_INFORMATION SUPPLIED_
****************

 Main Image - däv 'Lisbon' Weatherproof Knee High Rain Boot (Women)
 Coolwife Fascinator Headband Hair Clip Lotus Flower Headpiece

****************

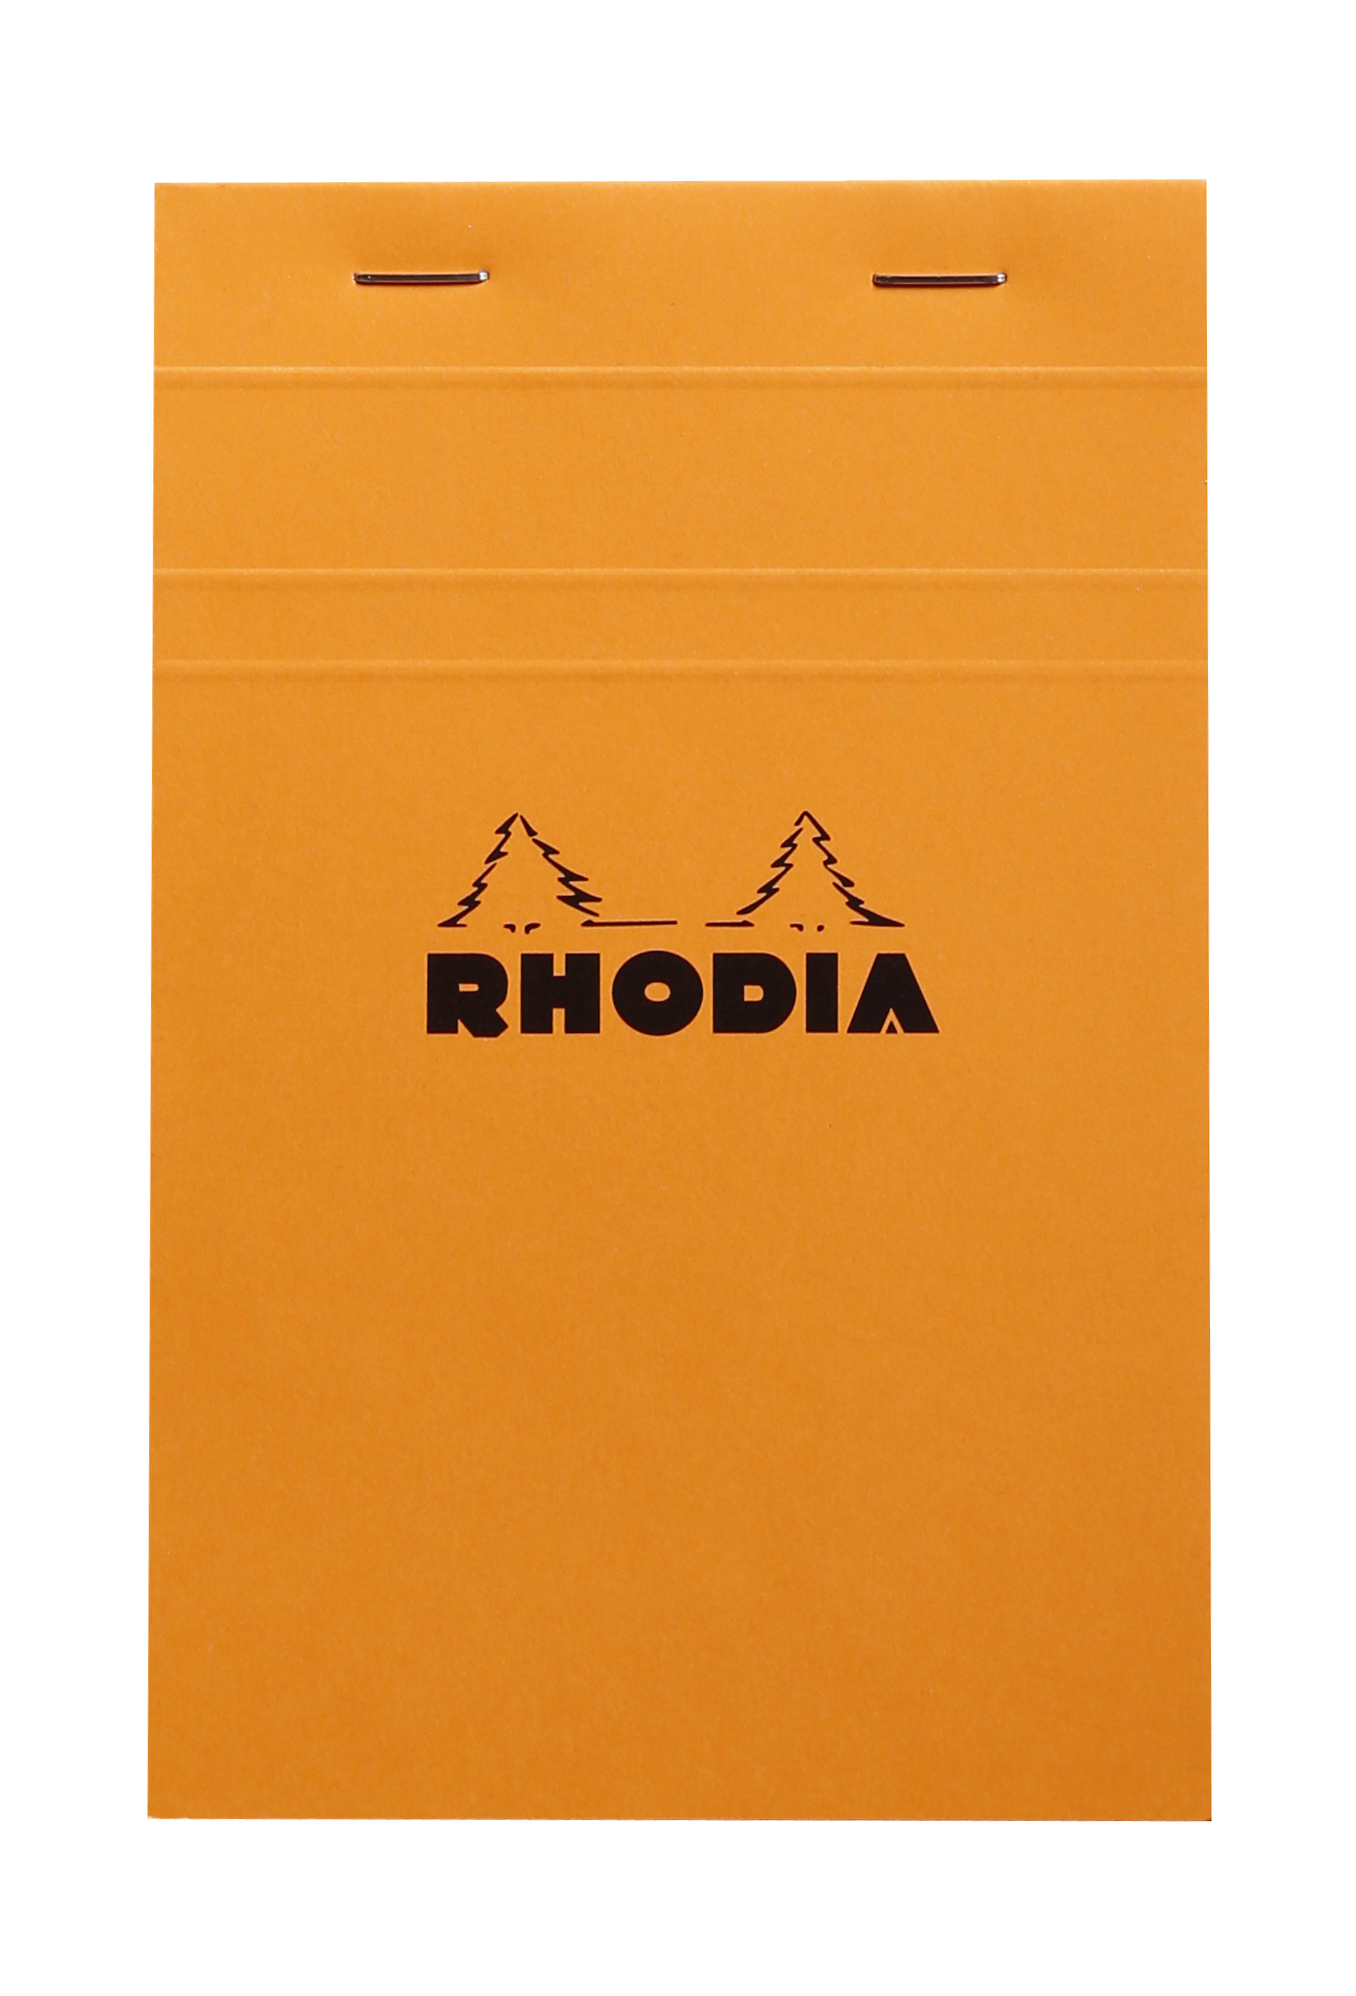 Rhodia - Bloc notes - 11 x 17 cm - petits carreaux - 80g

****************

_WHAT TO DO_
Within the material above, copy exactly the lines from the line that holds "Main Image - däv" up to and including the line that holds "Coolwife Fascinator Headband".

_SOLUTION BELOW_
 Main Image - däv 'Lisbon' Weatherproof Knee High Rain Boot (Women)
 Coolwife Fascinator Headband Hair Clip Lotus Flower Headpiece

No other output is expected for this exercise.